Quote exactly the lines from the start of the entries to the one with "Jake Paul has", both ends included.

==== Input records

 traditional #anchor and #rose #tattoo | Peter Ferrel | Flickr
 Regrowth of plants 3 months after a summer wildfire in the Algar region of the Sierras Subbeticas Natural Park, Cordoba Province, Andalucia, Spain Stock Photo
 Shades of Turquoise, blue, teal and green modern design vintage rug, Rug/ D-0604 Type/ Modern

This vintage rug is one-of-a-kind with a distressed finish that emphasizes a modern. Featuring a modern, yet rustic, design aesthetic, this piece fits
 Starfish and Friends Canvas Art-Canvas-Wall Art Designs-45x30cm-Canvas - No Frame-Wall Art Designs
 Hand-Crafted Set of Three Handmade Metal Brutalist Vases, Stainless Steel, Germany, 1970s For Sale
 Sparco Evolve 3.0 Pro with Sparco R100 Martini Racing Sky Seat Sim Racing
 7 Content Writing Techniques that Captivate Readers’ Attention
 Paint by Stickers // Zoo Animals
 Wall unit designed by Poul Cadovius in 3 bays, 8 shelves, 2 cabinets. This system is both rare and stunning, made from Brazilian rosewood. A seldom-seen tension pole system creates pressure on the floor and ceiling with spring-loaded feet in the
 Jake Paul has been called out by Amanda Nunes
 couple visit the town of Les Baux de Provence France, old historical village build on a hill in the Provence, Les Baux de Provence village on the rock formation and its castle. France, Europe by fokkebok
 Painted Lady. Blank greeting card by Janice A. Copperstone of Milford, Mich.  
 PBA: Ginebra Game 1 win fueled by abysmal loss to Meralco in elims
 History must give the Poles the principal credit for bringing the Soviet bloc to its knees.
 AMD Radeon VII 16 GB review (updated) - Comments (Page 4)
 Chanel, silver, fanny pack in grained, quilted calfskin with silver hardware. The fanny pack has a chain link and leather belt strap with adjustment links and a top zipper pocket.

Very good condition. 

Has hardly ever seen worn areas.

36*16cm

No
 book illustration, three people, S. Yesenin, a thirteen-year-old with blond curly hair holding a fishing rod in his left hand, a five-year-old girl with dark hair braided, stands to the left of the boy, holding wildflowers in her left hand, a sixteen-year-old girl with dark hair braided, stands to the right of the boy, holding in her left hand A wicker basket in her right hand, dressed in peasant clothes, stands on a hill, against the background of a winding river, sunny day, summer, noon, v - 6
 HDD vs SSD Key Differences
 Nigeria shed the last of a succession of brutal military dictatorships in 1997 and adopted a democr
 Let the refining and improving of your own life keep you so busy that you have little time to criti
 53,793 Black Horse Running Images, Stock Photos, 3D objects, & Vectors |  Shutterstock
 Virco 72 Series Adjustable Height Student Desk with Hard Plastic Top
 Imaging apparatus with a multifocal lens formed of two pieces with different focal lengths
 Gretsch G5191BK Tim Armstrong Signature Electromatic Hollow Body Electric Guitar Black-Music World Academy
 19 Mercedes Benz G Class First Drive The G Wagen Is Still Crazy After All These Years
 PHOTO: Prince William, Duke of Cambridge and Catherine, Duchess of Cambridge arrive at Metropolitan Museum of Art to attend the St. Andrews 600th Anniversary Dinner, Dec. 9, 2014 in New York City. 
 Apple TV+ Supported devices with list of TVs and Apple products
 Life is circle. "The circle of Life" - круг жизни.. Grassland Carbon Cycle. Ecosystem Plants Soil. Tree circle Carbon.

========

- _Result of this exercise_:
 traditional #anchor and #rose #tattoo | Peter Ferrel | Flickr
 Regrowth of plants 3 months after a summer wildfire in the Algar region of the Sierras Subbeticas Natural Park, Cordoba Province, Andalucia, Spain Stock Photo
 Shades of Turquoise, blue, teal and green modern design vintage rug, Rug/ D-0604 Type/ Modern

This vintage rug is one-of-a-kind with a distressed finish that emphasizes a modern. Featuring a modern, yet rustic, design aesthetic, this piece fits
 Starfish and Friends Canvas Art-Canvas-Wall Art Designs-45x30cm-Canvas - No Frame-Wall Art Designs
 Hand-Crafted Set of Three Handmade Metal Brutalist Vases, Stainless Steel, Germany, 1970s For Sale
 Sparco Evolve 3.0 Pro with Sparco R100 Martini Racing Sky Seat Sim Racing
 7 Content Writing Techniques that Captivate Readers’ Attention
 Paint by Stickers // Zoo Animals
 Wall unit designed by Poul Cadovius in 3 bays, 8 shelves, 2 cabinets. This system is both rare and stunning, made from Brazilian rosewood. A seldom-seen tension pole system creates pressure on the floor and ceiling with spring-loaded feet in the
 Jake Paul has been called out by Amanda Nunes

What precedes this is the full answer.